Alors que les entreprises se tournent de plus en plus vers l'intelligence artificielle pour faciliter leurs processus de recrutement, une question cruciale émerge : jusqu'où l'IA peut-elle aller dans la sélection des candidat∙es ? Entre efficacité accrue et biais potentiels, les enjeux complexes de cette révolution technologique apparaissent. Justine Dima, professeure associée à la Haute école d’ingénierie et de gestion du canton de Vaud (HEIG-VD) s’est penchée sur la question.

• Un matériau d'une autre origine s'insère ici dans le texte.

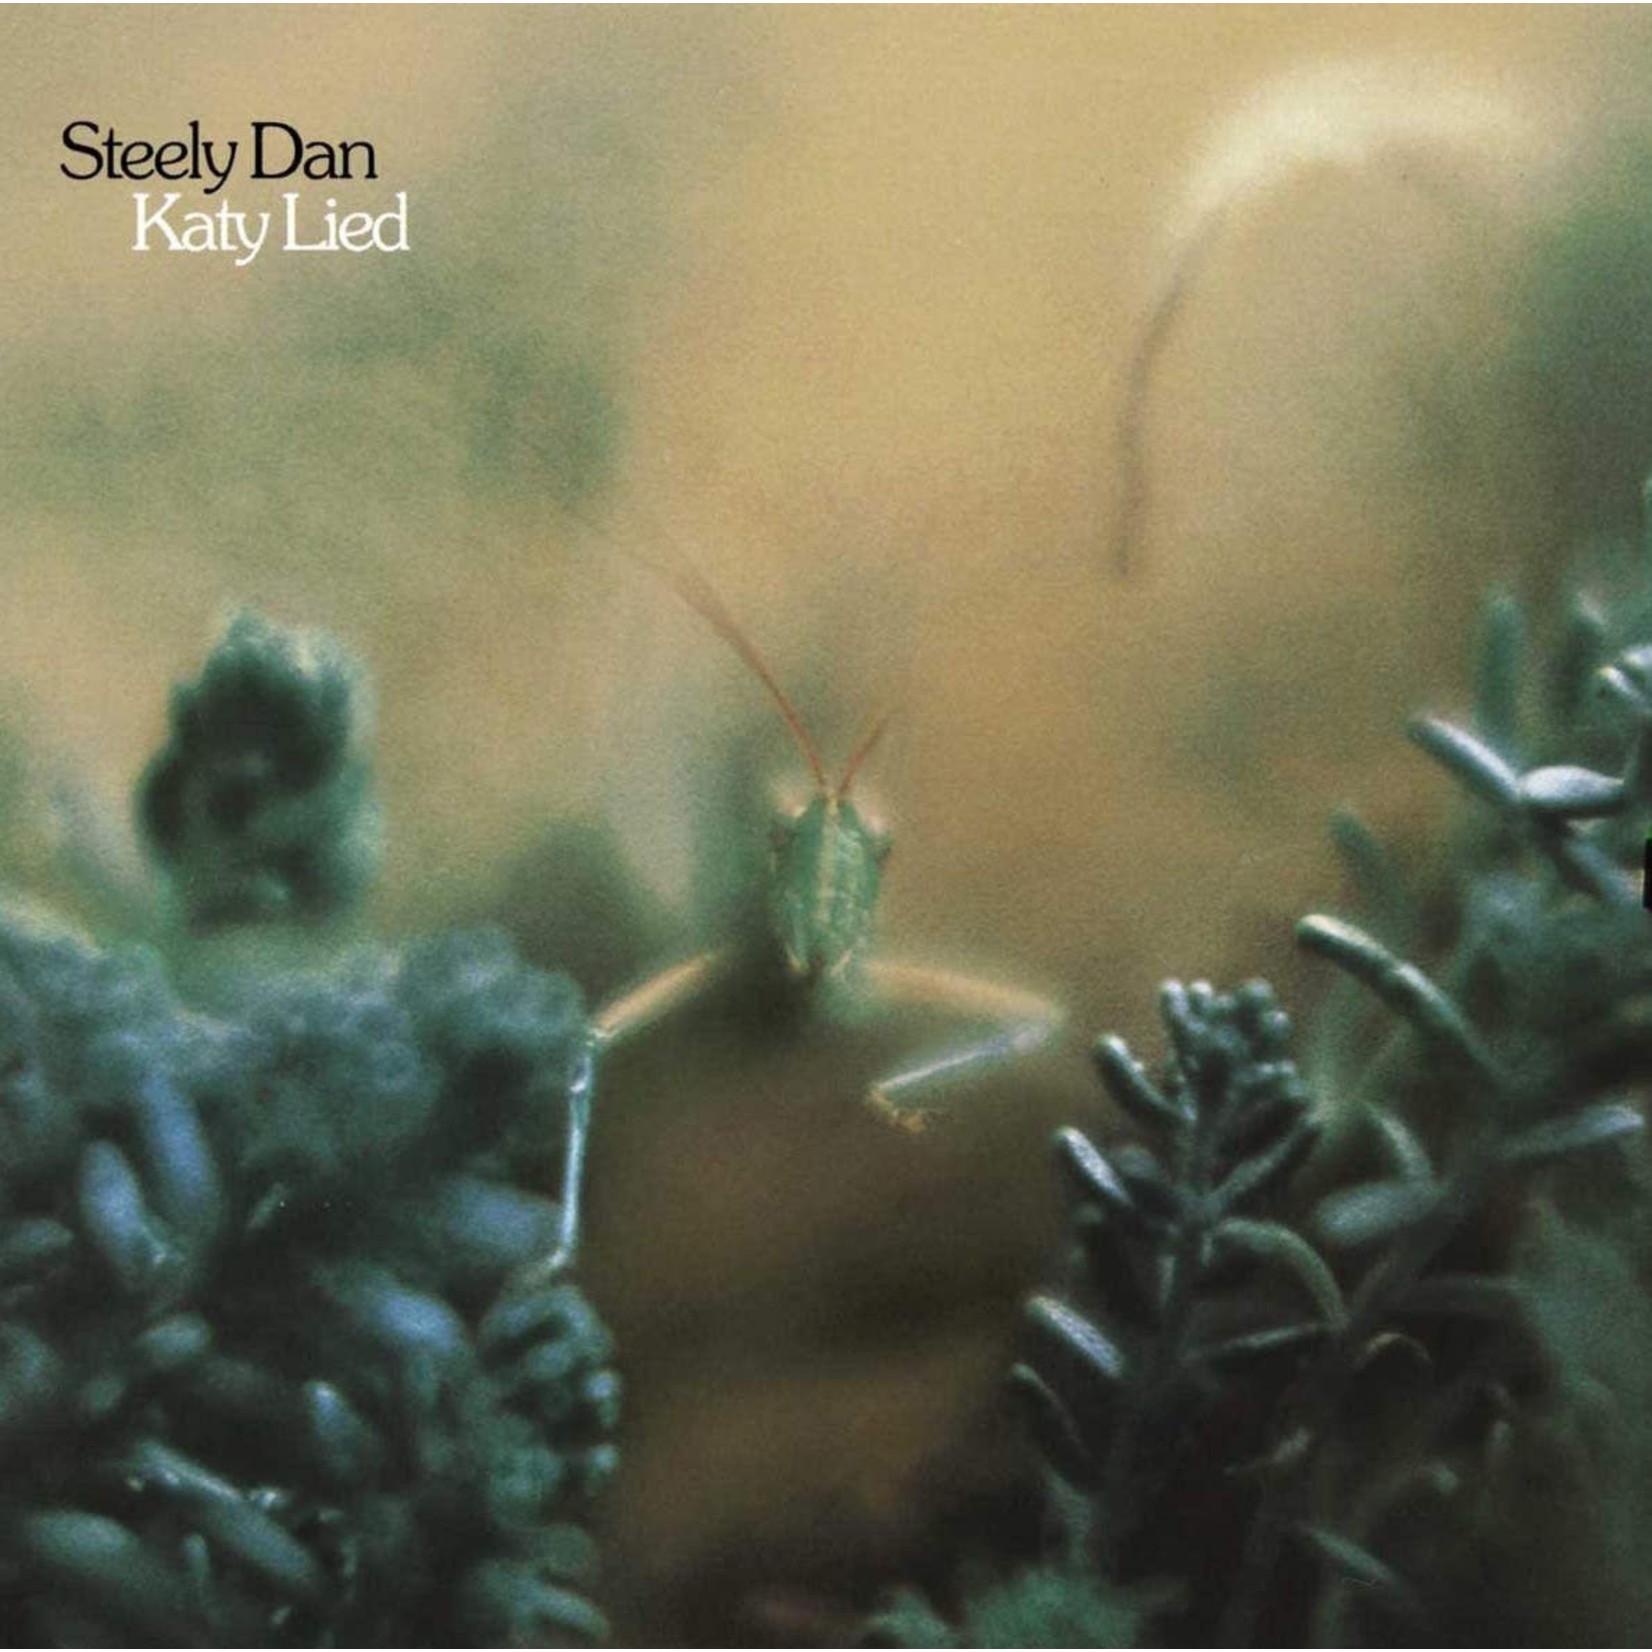 [Vintage] Steely Dan: Katy Lied

Dans les processus de recrutement, l'IA est utilisée pour trier et analyser de grandes quantités de CV, en identifiant les compétences clés et en sélectionnant les profils les plus pertinents. Elle peut également être employée pour mener des entretiens virtuels, évaluer les réponses des candidat∙e∙s et fournir des recommandations basées sur des critères prédéfinis. Selon la professeure en management des ressources humaines, les systèmes d’intelligence artificielle apportent avant tout un gain de temps dans le traitement administratif des candidatures. Elles sont parfois utilisées, lors d’entretiens vidéo, pour analyser le débit de parole, l’intonation de la voix, la richesse du vocabulaire ou encore pour percevoir les émotions du·de la candidat·e.
Un des premiers avantages est la rapidité dans les réponses mais aussi dans les « tâches administratives et rébarbatives ». Toutefois, des biais peuvent survenir et ainsi discriminer certaines candidatures. « Une IA, si elle est bien programmée, peut supprimer ces aspects (genre, origine, formation, etc…), mais le risque zéro n’existe pas, tout comme il est utopiste de penser que tous·toutes les recruteurs·euses humain·e·s ne sont pas racistes et misogynes » nuance la professeure.
Afin de limiter les biais et tirer pleinement profit de cette technologie, un comité d’éthique peut être intégré aux réflexions. C’est le cas notamment de AIRUDI, une start-up québécoise dont la mission consiste à faciliter l’intégration et l’adoption de l’IA dans la gestion des RH.
Dans un autre registre, une IA de recrutement doit être entraînée et adaptée à son lieu d’utilisation et à ses sujets. Si une IA issue d’une culture différente est utilisée pour détecter les émotions des candidat∙e∙s, des décalages pourraient survenir, car « elles sont mal entraînées au niveau de la diversité des cultures. En Amérique, on n’exprime pas les émotions de la même manière qu’en Asie».
L’encadrement de la technologie dans ce domaine est donc capital, selon Justine Dima. Actuellement, il n’est pas obligatoire de stipuler qu’une IA est utilisée lors d’un entretien. C’est un processus itératif, dans lequel de nombreux tests doivent avoir lieu.
Quelles sont alors les prochaines étapes avec le recrutement numérique ? Selon Justine Dima, l’automatisation de toutes les tâches administratives et l’information des futur∙e∙s candidat∙e∙s sont un futur envisageable. Ceux∙celles-ci sont les premier∙ère∙s concerné∙e∙s et doivent apprendre à interagir avec les IA lors de leur recrutement. Cependant, la technologie ne va pas remplacer tous les entretiens, car il est important de mieux comprendre les choix de vie et les parcours atypiques. L’IA devrait aider les recruteur∙euse∙s à prendre plus de temps pour mieux comprendre les candidat∙e∙s. Au contraire, si aucun cadre n’est posé, une IA discriminative pourrait voir le jour.
La clé pour ne pas arriver à ce résultat : s’informer, comprendre les systèmes d’IA ainsi que les entraîner de manière éthique et responsable… mais ne pas avoir peur de l’évolution.